● **What you are asked to do**
The expected output is exactly the lines below, starting at the line with "German shepherd dog" and ending at the line with "Ward Based P Final", both included; no other line belongs in it.

● **Task input**

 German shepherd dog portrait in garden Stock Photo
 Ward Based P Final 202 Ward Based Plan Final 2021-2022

---

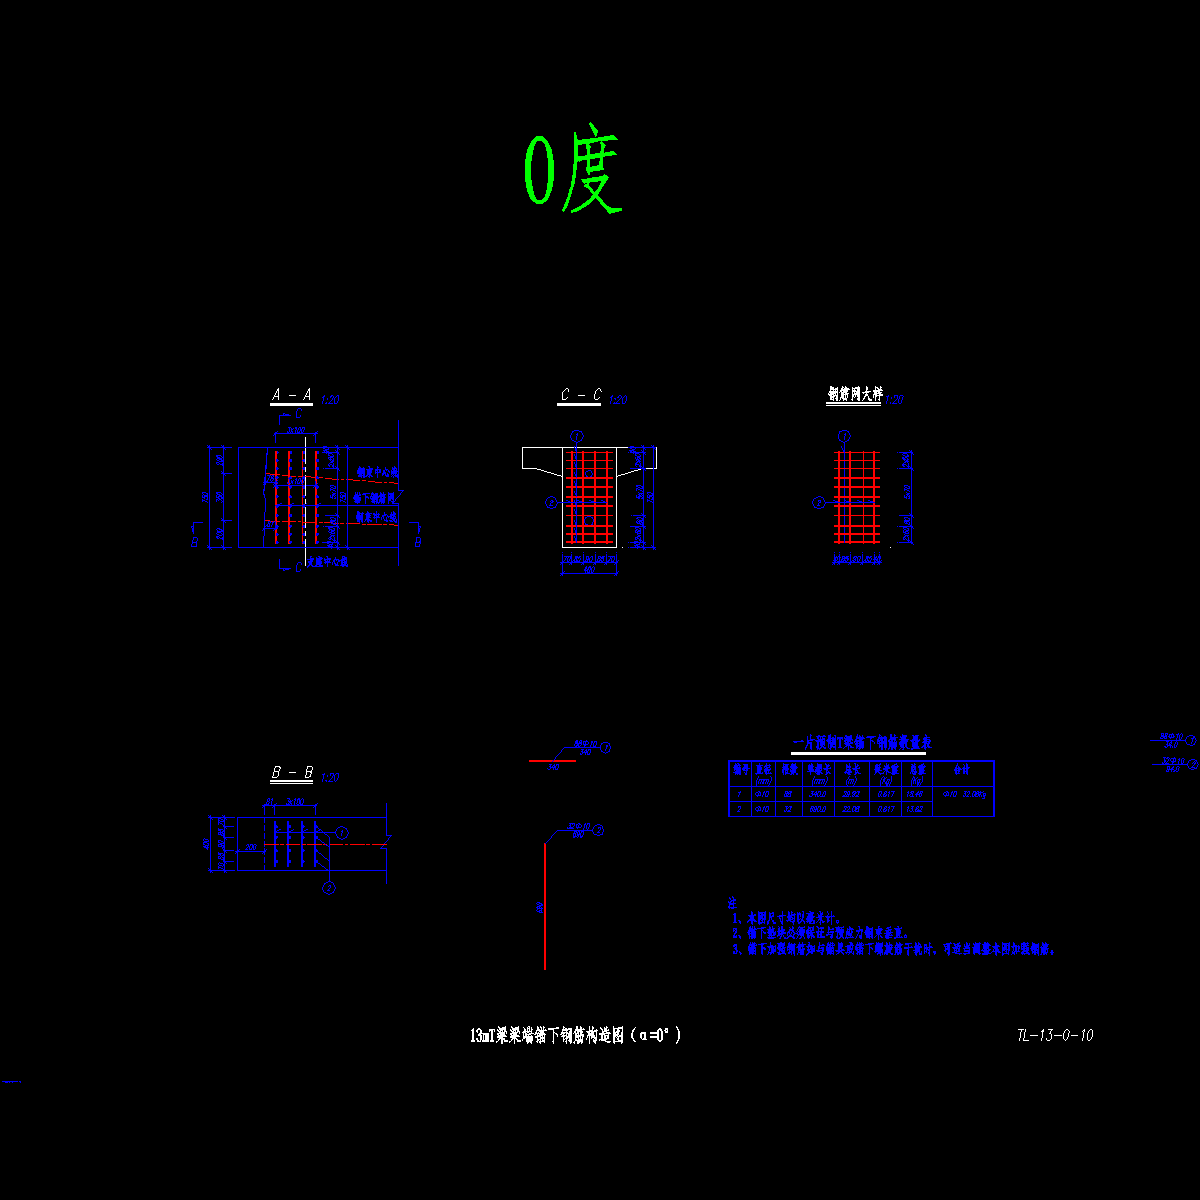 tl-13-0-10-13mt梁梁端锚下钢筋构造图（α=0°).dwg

● **Exercise answer**
 German shepherd dog portrait in garden Stock Photo
 Ward Based P Final 202 Ward Based Plan Final 2021-2022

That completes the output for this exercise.